» **Data to use**:
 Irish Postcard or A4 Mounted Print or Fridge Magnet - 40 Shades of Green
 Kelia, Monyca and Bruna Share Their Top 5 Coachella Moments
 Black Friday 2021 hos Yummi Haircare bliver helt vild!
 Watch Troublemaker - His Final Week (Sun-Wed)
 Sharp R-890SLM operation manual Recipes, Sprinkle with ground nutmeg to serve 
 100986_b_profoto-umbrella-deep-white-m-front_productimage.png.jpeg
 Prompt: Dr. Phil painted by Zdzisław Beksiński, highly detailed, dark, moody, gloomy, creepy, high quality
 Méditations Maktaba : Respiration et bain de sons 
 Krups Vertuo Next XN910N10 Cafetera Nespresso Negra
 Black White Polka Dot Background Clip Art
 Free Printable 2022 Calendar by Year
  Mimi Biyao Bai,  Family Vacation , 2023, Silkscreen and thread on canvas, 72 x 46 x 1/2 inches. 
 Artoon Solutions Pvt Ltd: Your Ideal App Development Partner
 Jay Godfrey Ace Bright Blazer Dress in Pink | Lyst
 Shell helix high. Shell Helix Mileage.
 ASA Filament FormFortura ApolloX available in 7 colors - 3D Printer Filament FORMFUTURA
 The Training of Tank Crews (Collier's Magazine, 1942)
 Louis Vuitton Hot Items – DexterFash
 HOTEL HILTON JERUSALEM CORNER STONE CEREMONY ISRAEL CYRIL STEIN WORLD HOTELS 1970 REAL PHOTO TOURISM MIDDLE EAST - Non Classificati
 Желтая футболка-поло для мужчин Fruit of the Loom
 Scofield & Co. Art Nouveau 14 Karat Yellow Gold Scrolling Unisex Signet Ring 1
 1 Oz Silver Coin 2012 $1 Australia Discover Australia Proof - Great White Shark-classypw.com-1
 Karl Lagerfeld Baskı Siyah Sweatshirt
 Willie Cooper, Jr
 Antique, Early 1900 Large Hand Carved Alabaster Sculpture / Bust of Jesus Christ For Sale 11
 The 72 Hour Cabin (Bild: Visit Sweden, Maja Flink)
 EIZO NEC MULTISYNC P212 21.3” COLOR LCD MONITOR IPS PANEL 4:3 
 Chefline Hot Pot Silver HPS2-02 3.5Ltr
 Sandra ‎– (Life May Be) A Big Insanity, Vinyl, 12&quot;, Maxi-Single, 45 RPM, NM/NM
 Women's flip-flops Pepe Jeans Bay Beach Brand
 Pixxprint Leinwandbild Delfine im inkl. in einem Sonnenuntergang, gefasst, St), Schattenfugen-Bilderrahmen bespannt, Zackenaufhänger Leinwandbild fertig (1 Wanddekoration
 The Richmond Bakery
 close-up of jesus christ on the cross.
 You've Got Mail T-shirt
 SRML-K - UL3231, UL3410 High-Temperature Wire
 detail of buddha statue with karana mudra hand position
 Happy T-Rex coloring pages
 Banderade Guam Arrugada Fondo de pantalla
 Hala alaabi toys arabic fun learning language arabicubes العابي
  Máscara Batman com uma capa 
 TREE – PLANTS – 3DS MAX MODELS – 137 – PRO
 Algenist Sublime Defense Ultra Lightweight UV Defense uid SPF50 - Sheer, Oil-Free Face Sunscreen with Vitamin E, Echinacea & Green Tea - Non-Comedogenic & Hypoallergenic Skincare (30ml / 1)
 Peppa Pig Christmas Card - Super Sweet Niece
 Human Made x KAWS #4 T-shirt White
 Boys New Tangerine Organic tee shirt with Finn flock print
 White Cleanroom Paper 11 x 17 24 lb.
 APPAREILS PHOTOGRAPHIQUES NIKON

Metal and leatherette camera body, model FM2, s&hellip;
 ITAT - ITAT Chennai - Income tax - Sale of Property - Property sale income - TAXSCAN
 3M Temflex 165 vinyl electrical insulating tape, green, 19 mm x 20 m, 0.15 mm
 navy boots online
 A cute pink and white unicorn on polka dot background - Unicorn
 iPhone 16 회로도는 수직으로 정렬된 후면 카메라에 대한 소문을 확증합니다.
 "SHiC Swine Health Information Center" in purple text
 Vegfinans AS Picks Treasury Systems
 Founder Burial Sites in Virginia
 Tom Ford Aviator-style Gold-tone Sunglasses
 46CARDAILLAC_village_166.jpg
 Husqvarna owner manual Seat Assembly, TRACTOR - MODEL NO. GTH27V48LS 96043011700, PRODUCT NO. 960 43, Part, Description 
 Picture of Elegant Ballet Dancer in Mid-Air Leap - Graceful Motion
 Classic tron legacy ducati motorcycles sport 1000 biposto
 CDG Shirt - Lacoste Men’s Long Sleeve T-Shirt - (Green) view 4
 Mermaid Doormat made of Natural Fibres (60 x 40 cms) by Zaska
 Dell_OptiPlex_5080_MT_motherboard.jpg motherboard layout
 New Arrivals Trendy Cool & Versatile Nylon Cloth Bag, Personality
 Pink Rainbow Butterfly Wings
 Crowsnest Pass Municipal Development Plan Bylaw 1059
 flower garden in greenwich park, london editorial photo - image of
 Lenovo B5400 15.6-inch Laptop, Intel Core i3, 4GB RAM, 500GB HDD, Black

» **What you are asked to do**: Return each line of the data that contains the string "Free".

» **Answer to this problem**:
 Free Printable 2022 Calendar by Year
 Algenist Sublime Defense Ultra Lightweight UV Defense uid SPF50 - Sheer, Oil-Free Face Sunscreen with Vitamin E, Echinacea & Green Tea - Non-Comedogenic & Hypoallergenic Skincare (30ml / 1)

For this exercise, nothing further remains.